The task:
Begin the copy at the line containing "Natalie portman as" in the data below and end it at the line containing "Fullsize Of Rustic Diy Home Decor", keeping each line exact and leaving out pictures.
Records for the task START
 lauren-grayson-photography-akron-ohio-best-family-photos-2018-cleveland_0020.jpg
Records for the task END
Records for the task START
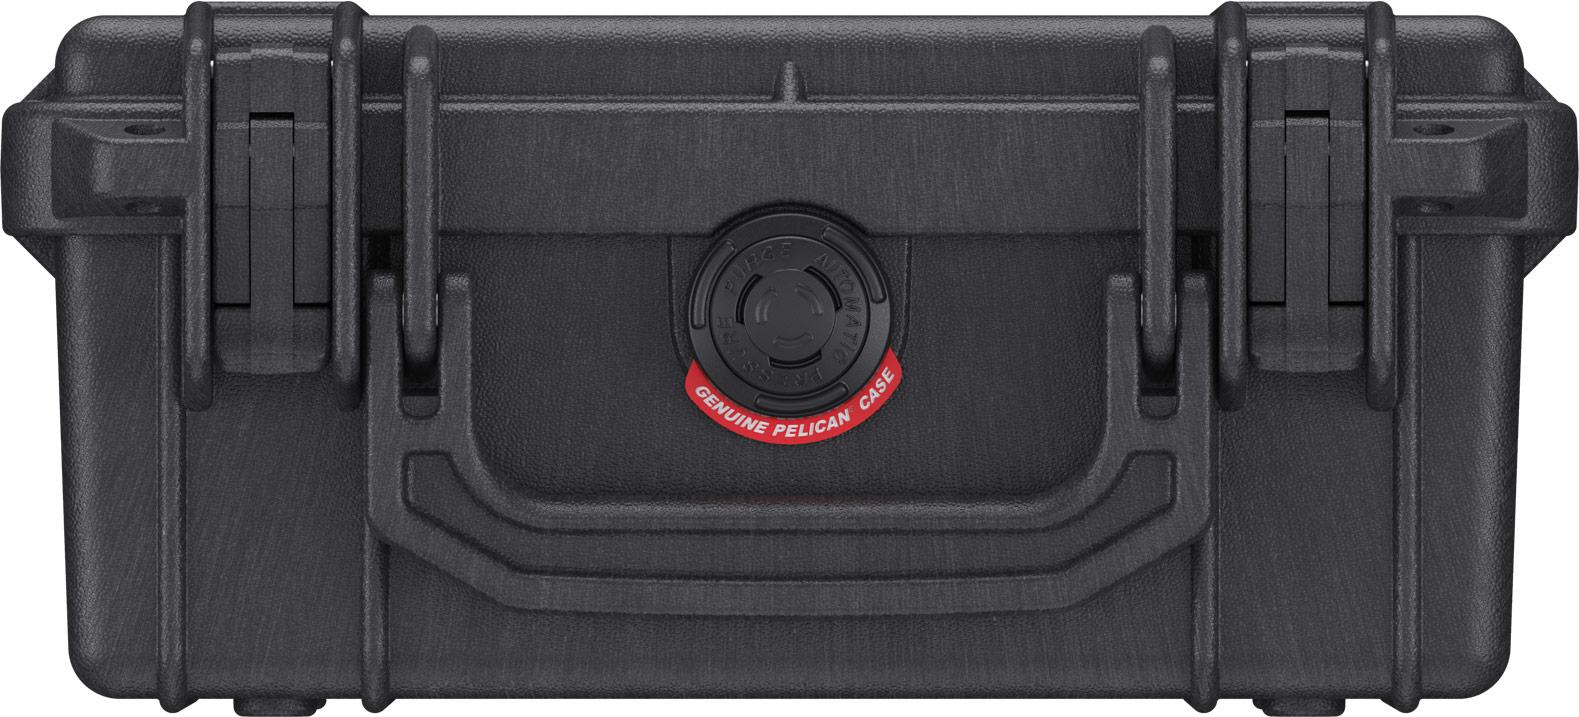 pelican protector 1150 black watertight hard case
Records for the task END
Records for the task START
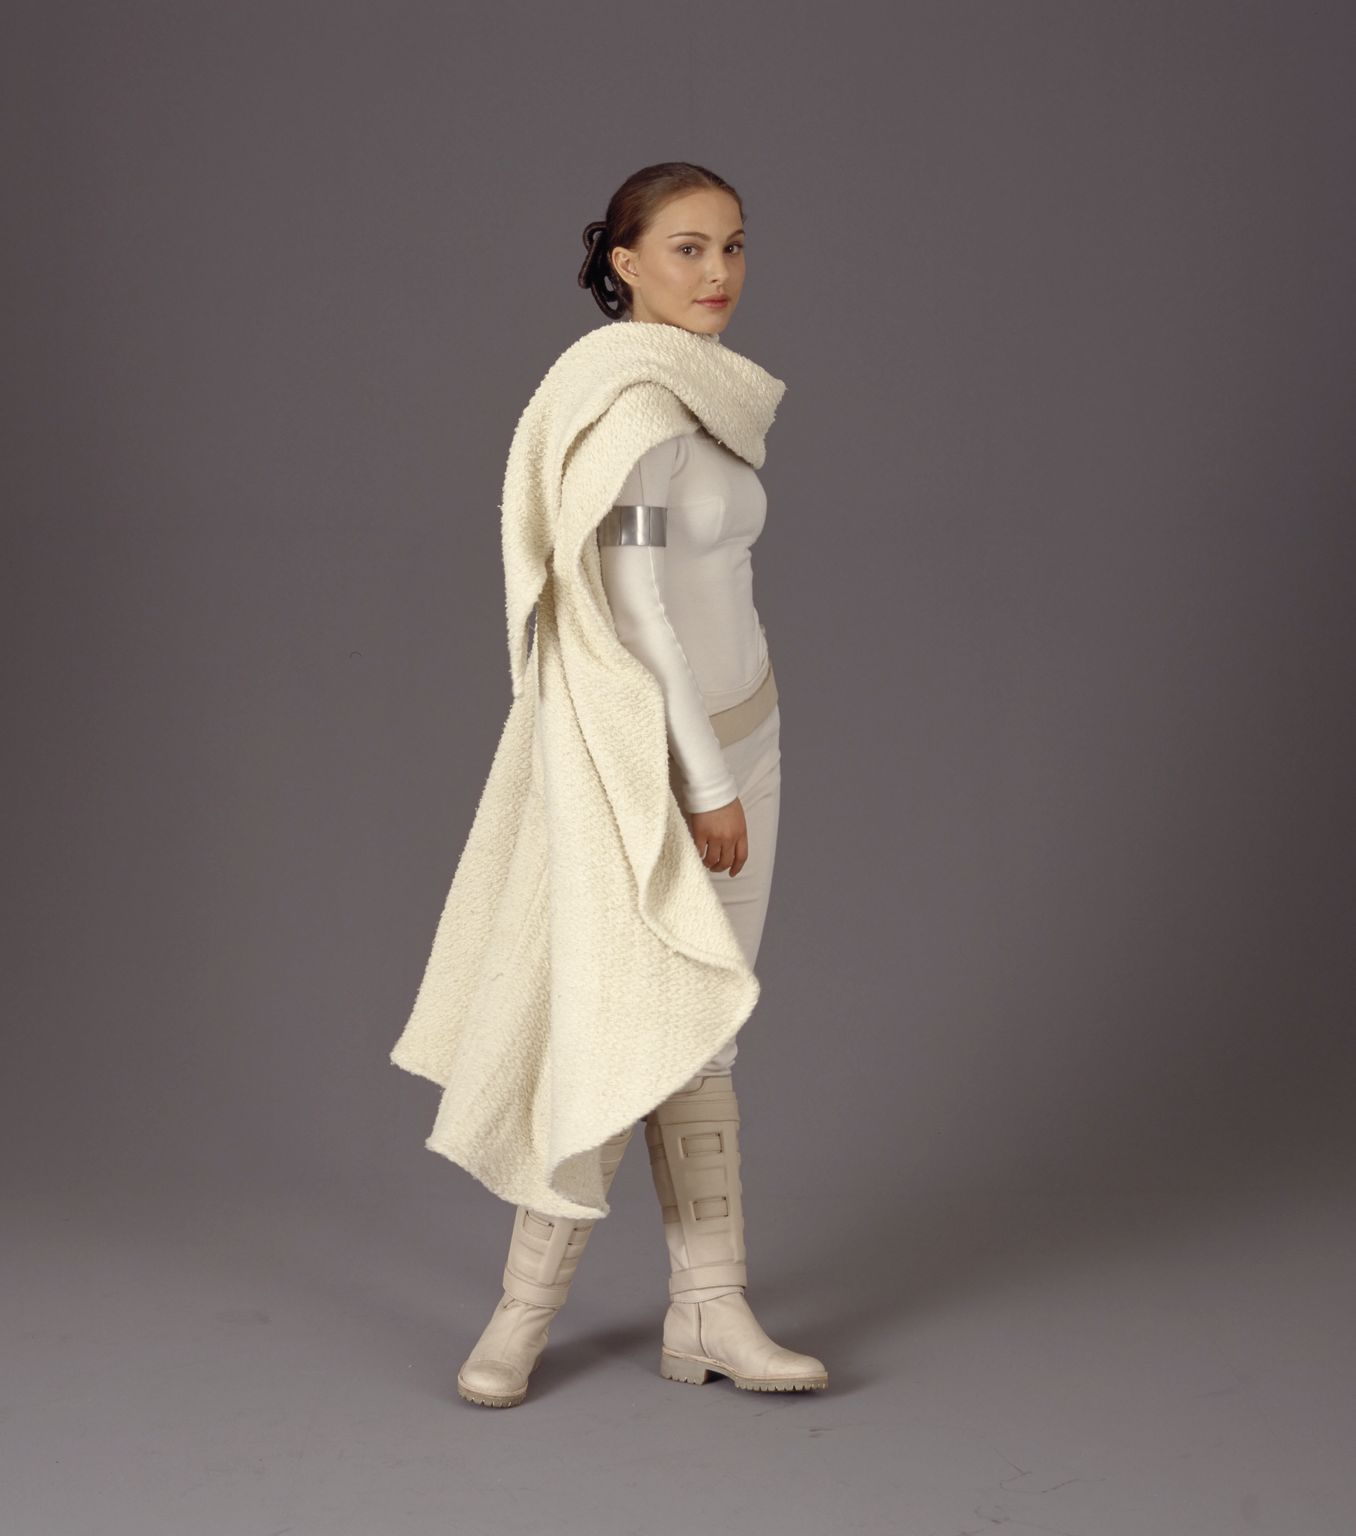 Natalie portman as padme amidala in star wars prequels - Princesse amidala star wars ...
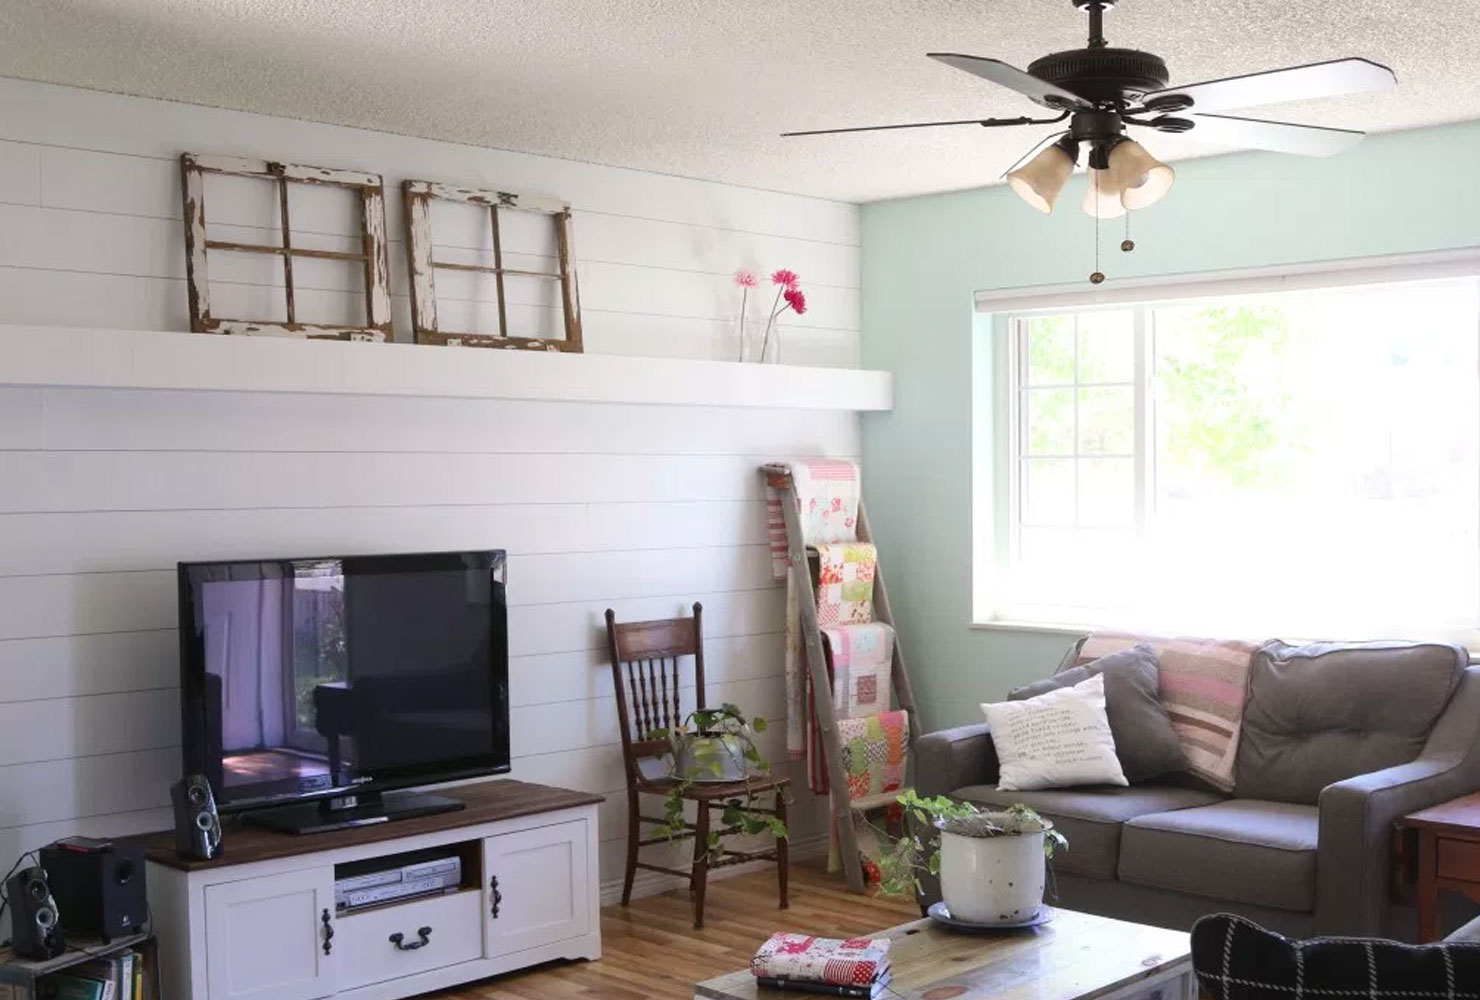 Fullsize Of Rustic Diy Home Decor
Records for the task END
Solution to the exercise:
 Natalie portman as padme amidala in star wars prequels - Princesse amidala star wars ...
 Fullsize Of Rustic Diy Home Decor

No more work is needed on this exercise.